You can imagine for yourself where our conversation went from there as we shared our mutual grief on a level that neither of us expected when we embarked on our journey that day—no more than either of us could’ve imagined that we’d be on this unexpected and unpredictable grief journey to begin with.
I asked if she had a picture of her son on hand. “Absolutely!” she said, with a proud mama’s plunge into her purse! “I brought these for my interview.” My mama’s heart grieved deeply as I beheld the handsome face that smiled back at me—incomprehensible loss.
Without waiting for her to ask, I told her I also had a picture of my son with me. It just happened to be in a book that came out of my journey. With that, I pulled out a copy of my book, The Ben Ripple, that I had haphazardly shoved into my computer case at the last minute before I’d left that morning.
After sharing the pictures of our sons, our conversation naturally (or supernaturally) continued. We laughed and cringed at some of the similarities and heartbreaks of our journeys. Eventually she told me she’d like to get a copy of my book for herself. It wasn’t until a little while later that I felt a nudge, as if to wake me out of my stupor, prompting me to abashedly offer the copy I’d shown her. Her face lit right up as she humbly accepted my offering. I apologized that it had the word “SAMPLE” written on the front cover. Further explaining that I likely improperly signed it and, as a result, made it my display copy. She laughed and said, “It’ll just make it authentic.”
Neither of us could have prepared ourselves for what we’d see when I opened the book to re-sign it: her son’s name! We looked at each other in amazement—tears glistening. Then, with a shaky hand, I put a heart around the name and added hers to the inscription.

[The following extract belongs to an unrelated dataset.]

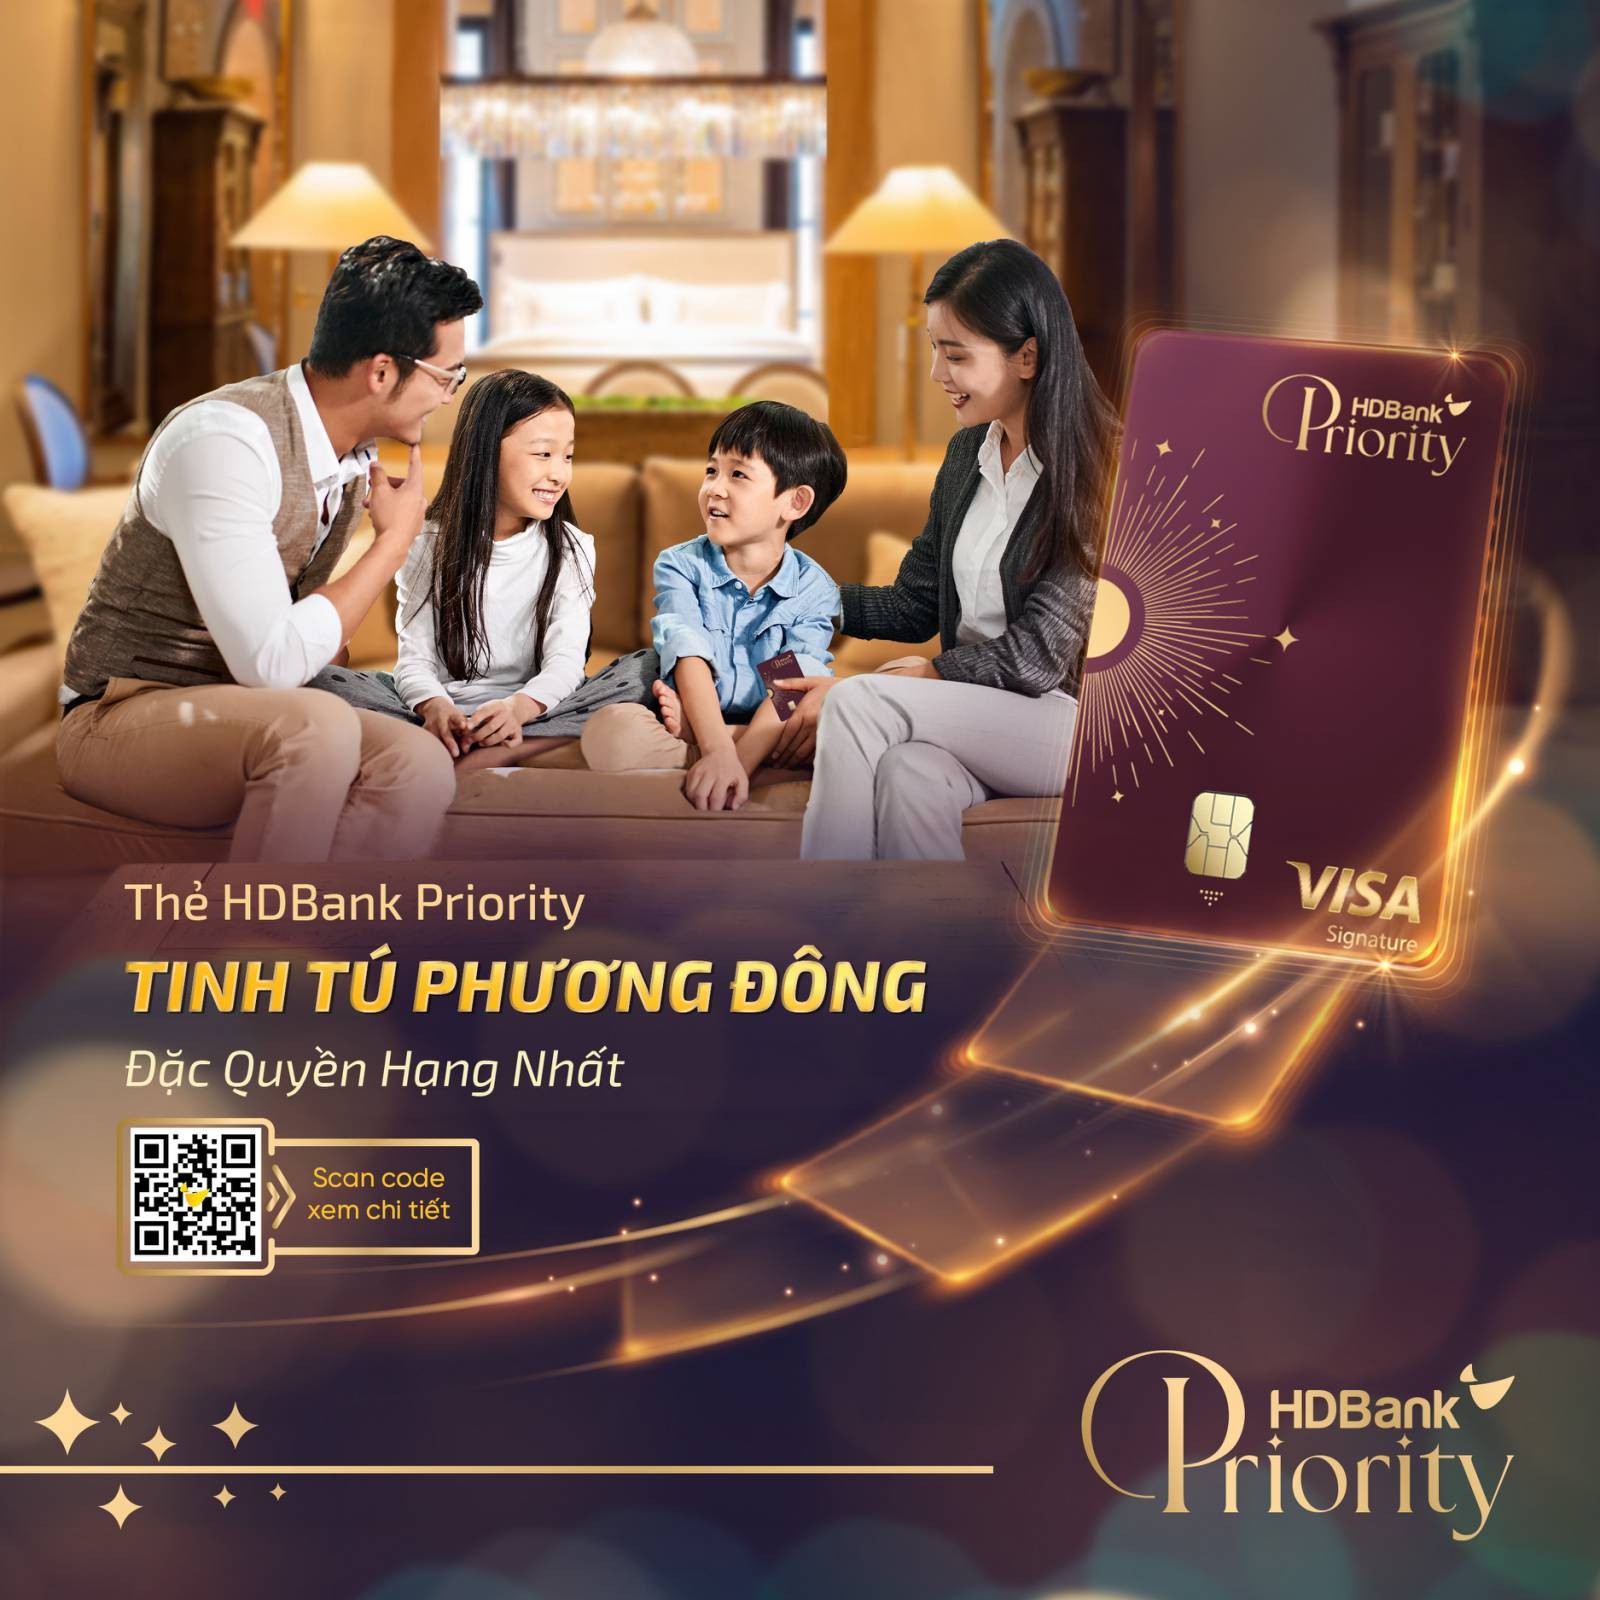 hinh-7-the-tin-dung-hdbank-priority-tinh-tu-phuong-dong-1688444614.jpg
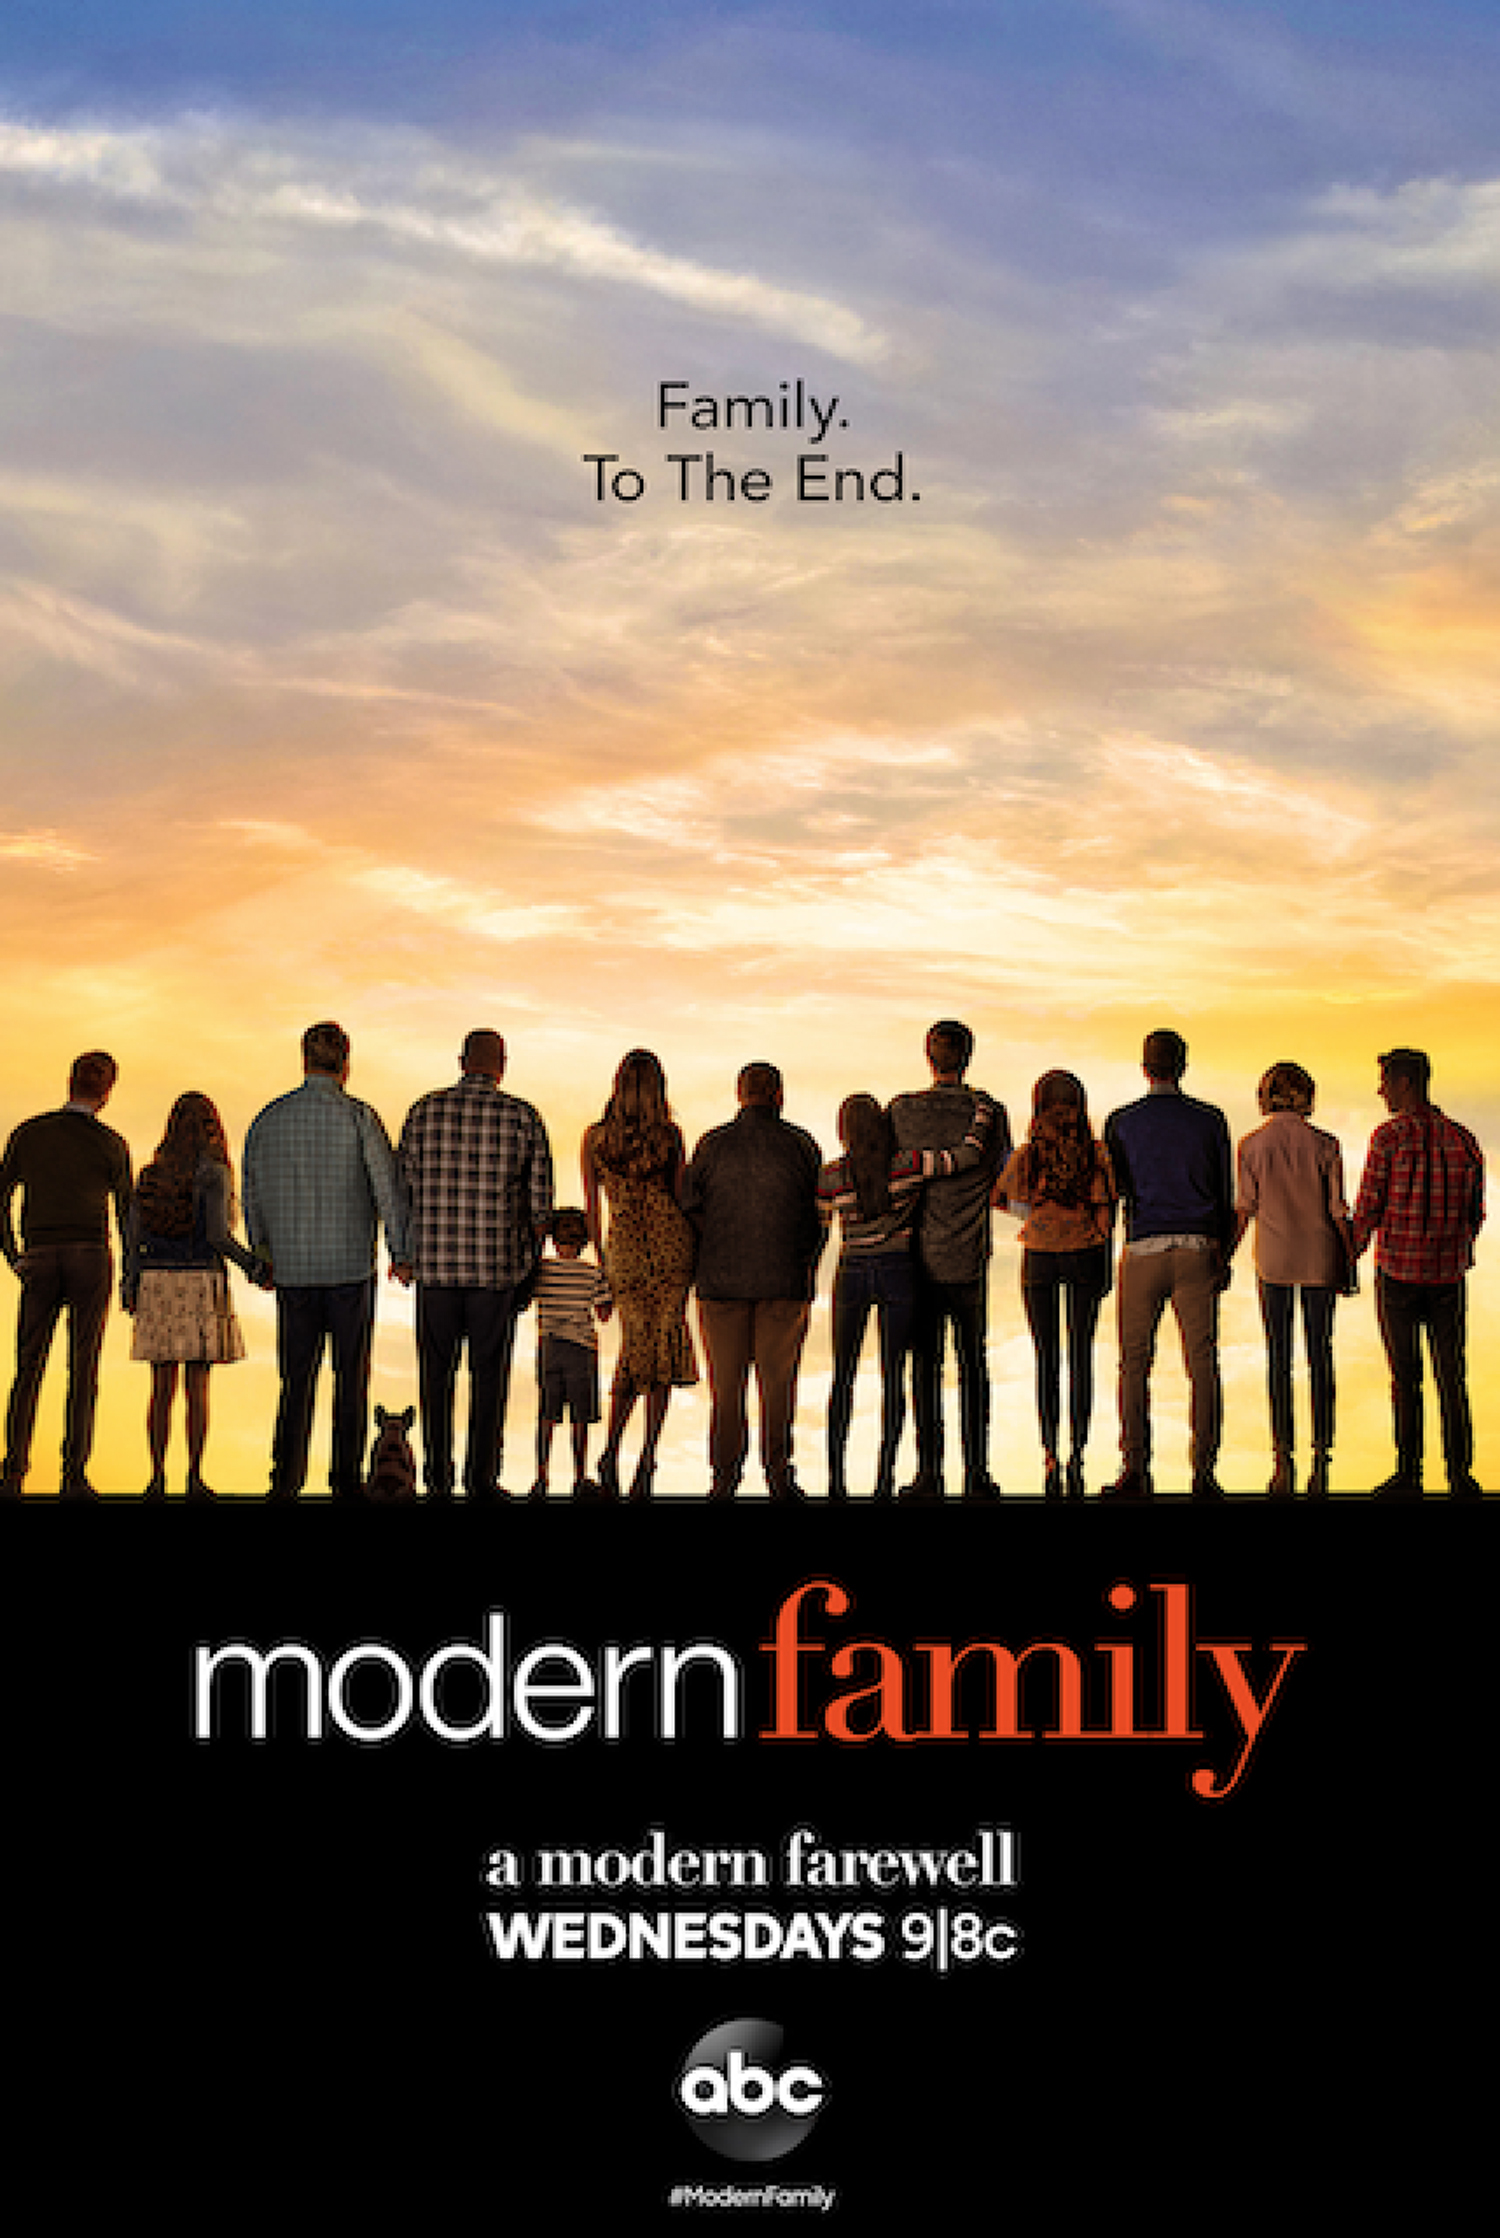 the modern family

When our train reached its destination, we exchanged emails and warmly embraced, thankful for the time we’d shared.
Two lives. Two moms. Two losses. Two different journeys. Both in wrong seats, but when all was said and done, not in the wrong seat at all! In fact, it couldn’t have been more right! A divine appointment, a divine intersection—divinely intercepted by the only One who could have put two grieving moms side-by-side on the same side of the tracks.
The experience reminds me of a story in Luke 24:13-35. Here’s an excerpt:
Now those same days [after the resurrection,] two [followers of Christ] were going to a village called Emmaus, about seven miles from Jerusalem. They were talking with each other about everything that had happened. As they talked and discussed these things with each other, Jesus himself came up and walked along with them; but they were kept from recognizing him.
He asked them, “What are you discussing together as you walk along?”
They stood still, their faces downcast. One of them, named Cleopas, asked him, “Are you the only one visiting Jerusalem who does not know the things that have happened there in these days?”
“What things?” he asked.
“About Jesus of Nazareth,” they replied […] As they approached the village to which they were going, Jesus continued on as if he were going farther. But they urged him strongly, “Stay with us, for it is nearly evening; the day is almost over.” So he went in to stay with them.
When he was at the table with them, he took bread, gave thanks, broke it and began to give it to them. Then their eyes were opened and they recognized him, and he disappeared from their sight. They asked each other, “Were not our hearts burning within us while he talked with us on the road and opened the Scriptures to us?”
Learn from the men on the road to Emmaus—make sure you pay close attention when someone you don’t recognize steps onto your path…or when you find yourself in the “wrong” seat. It just might turn into a divine interception!